RIT already is part of a select group of schools with which the San Francisco-based software company regularly collaborates. Two years ago, RIT’s College of Art and Design and Autodesk signed a Memorandum of Understanding (MOU) that has resulted in RIT students providing exclusive access to alpha and beta versions of the company’s software, breakthrough effective access technology solutions and job hires. The company also flew RIT students to its offices in Portland, Ore., to meet with its product teams and provide direct feedback.
The latest MOU agreement, signed during a recent visit and tour of several RIT colleges, MAGIC Spell Studios and AMPrint Center by Autodesk executives, is the first university-wide partnership agreement between the company and a U.S. college.
“I am delighted that RIT is teaming up with Autodesk on this campus-wide agreement.
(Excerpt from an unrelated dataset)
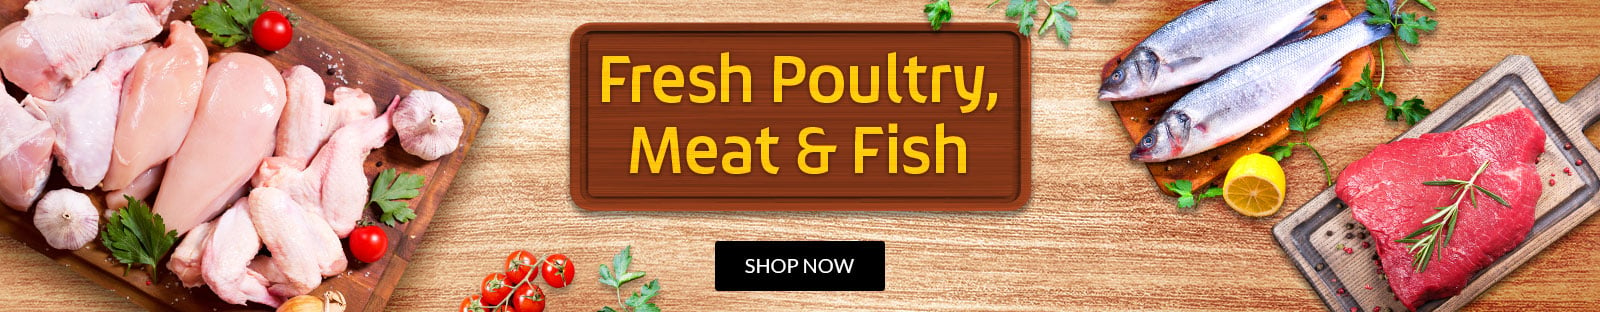 Fresh Poultry Meat & Fish

Together, we will advance the intersection of technology, design and making,” said Ellen Granberg, provost and senior vice president for Academic Affairs. “Autodesk software can already be found across our university and, with this new agreement, we will be able to expand the array of multidisciplinary opportunities available to our students and faculty.”
Granberg added that the agreement is a further demonstration of the fourth pillar of RIT’s Strategic Plan 2018-2025: Greatness Through Difference, in which collaborations with international partners like Autodesk are increasingly providing enriching experiences for RIT students and faculty.
Since Alex Lobos, associate professor and graduate director of industrial design in the School of Design, first spearheaded RIT’s relationship with Autodesk in 2011, the research and design partnership between the university and the software company has flourished. Lobos has delivered joint conference presentations with company executives and is part of Autodesk University’s Advisory Council. The company has also sponsored several multidisciplinary research projects involving sustainability, accessibility and additive manufacturing on campus. In addition, a number of RIT alumni now work for Autodesk, whose executives have visited the Rochester, N.Y., campus and hosted the university’s board of trustees and other RIT guests during West Coast trips.
“I’m very excited that RIT and Autodesk are expanding this relationship to an even higher level,” Lobos said. “Increasing the integration of technology, design and engineering across our campus will enable more multidisciplinary collaborations and engagement for RIT students and faculty.”
An early result of the partnership agreement is that Generative Design (GD) technology in Autodesk’s flagship Fusion 360 software—the company’s cloud-based 3D computer-aided manufacturing (CAM)/CAD tool—is now available to all faculty and students at RIT. GD is used for creating designs that use significantly less material with nature-inspired forms.
RIT faculty and students can access the technology for free by launching Fusion 360 and logging in with their rit.edu account. RIT alumnus Gregg Stoklosa, an Autodesk program manager who graduated in 1996 (manufacturing and mechanical engineering technology) helped make access to the technology possible.